The way js-ipfs is structured is a bit of a “kitchen sink” approach. It’s a large project that comes with a very large set of functionality. That means a big bundle..

Thanks to @hugomrdias' work we actually can have a peek at what takes space through https://bundlephobia.com/result?p=ipfs@0.37.0

image

As you can see, the larger chunk are the Crypto things (node-forge 18.5%, tweetnacl 3.9%, libp2p-crypto 2.2%) that take 24.6% of the bundle. That is 344kB that are hard to reduce as the nodes need the crypto to communicate with the other nodes.

We also have things that are in progress to disappear with #1670, namely: readable-stream
4.8%, async 2.8%

Btw, I was surprised to see that multicodec and multihashes are so big, am I alone?

One other note, scanning through https://github.com/ipfs/js-ipfs/issues, I can't find any user of reporting the current gzipped bundle size being a deal breaker for them.

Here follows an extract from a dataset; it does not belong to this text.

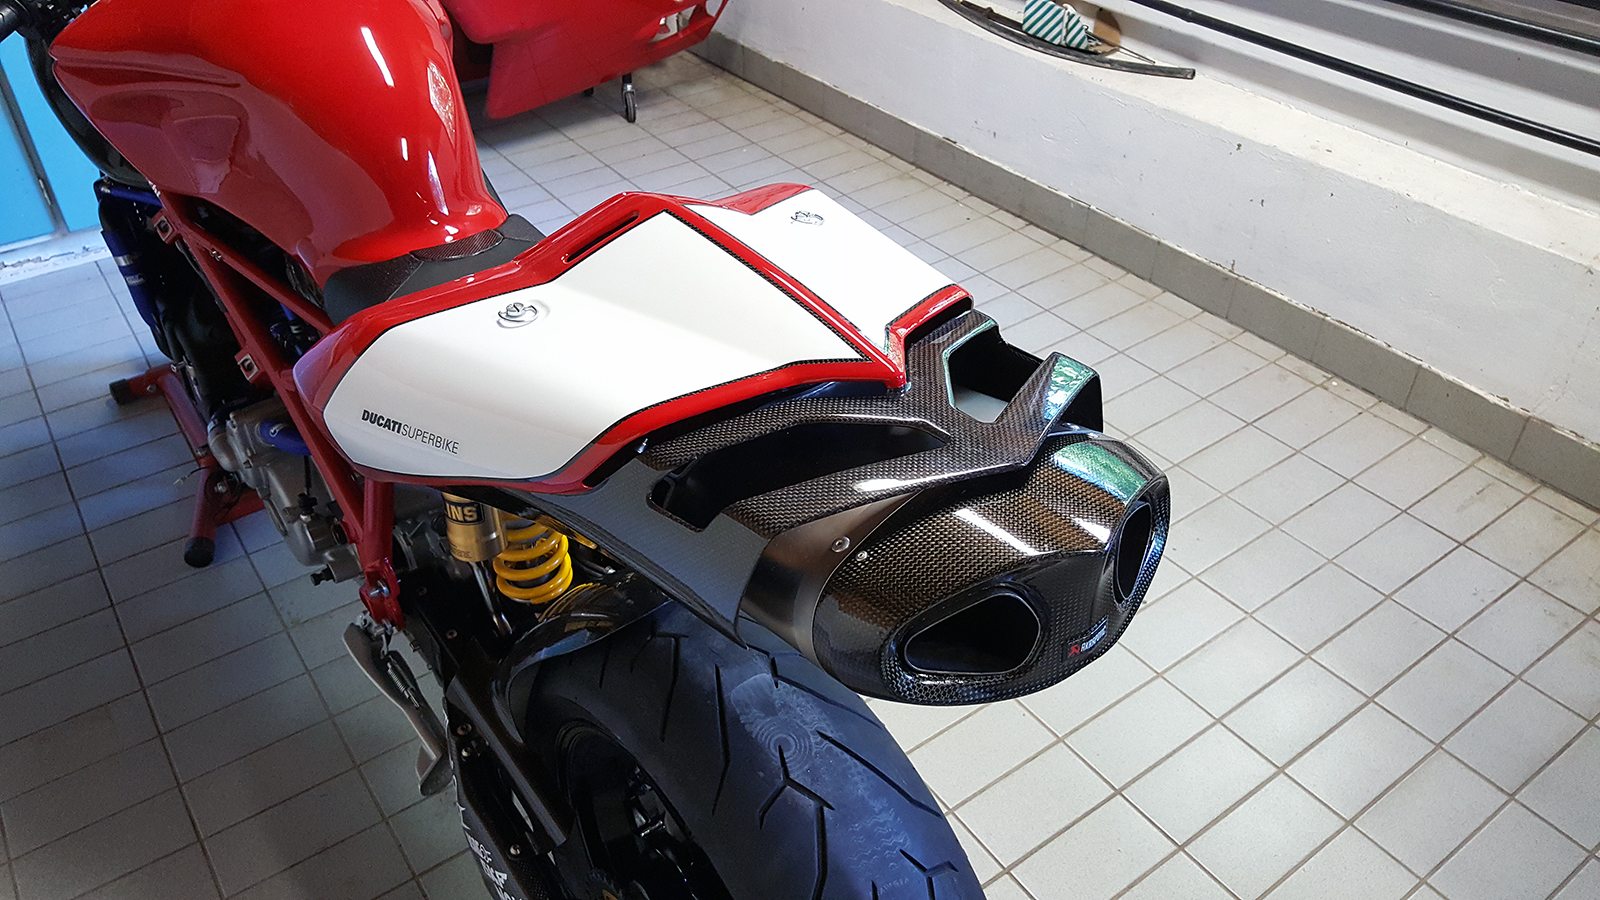 999 Nrc Tail Tidy Install Instructions Ducati Forum 2005 749 Wiring Harness 20170714 204854

One more remark on the topic of making JS IPFS more Browser first. In addition to developing solutions to needs described in the issues listed by @lidel at #1563 (comment), we also need to effectively test to ensure that a JS IPFS node works fully on the browser, so that situations like #2093 stop being a surprise and rather something we now. More concretely, what I'm thinking is that tests should:

  • Spawn the multiple ever green browsers we want to support
  • Spawn multiple browser nodes and have them interact with each other (currently there are no tests that do this)
  • Create integration tests that assert that js-ipfs is fully capable of working with the Main Network.

This work doesn't fall within the categories of feature parity or bundle size reduction, it is about being able to be fully confident about the claims we want to make. Historically (when we started), spawning multiple browsers and create a tiny network was painful, today we have things such as https://github.com/GoogleChrome/puppeteer which should make things much more pleasant to build :)

As you can see, the larger chunk are the Crypto things (node-forge 18.5%, tweetnacl 3.9%, libp2p-crypto 2.2%) that take 24.6% of the bundle. That is 344kB that are hard to reduce as the nodes need the crypto to communicate with the other nodes.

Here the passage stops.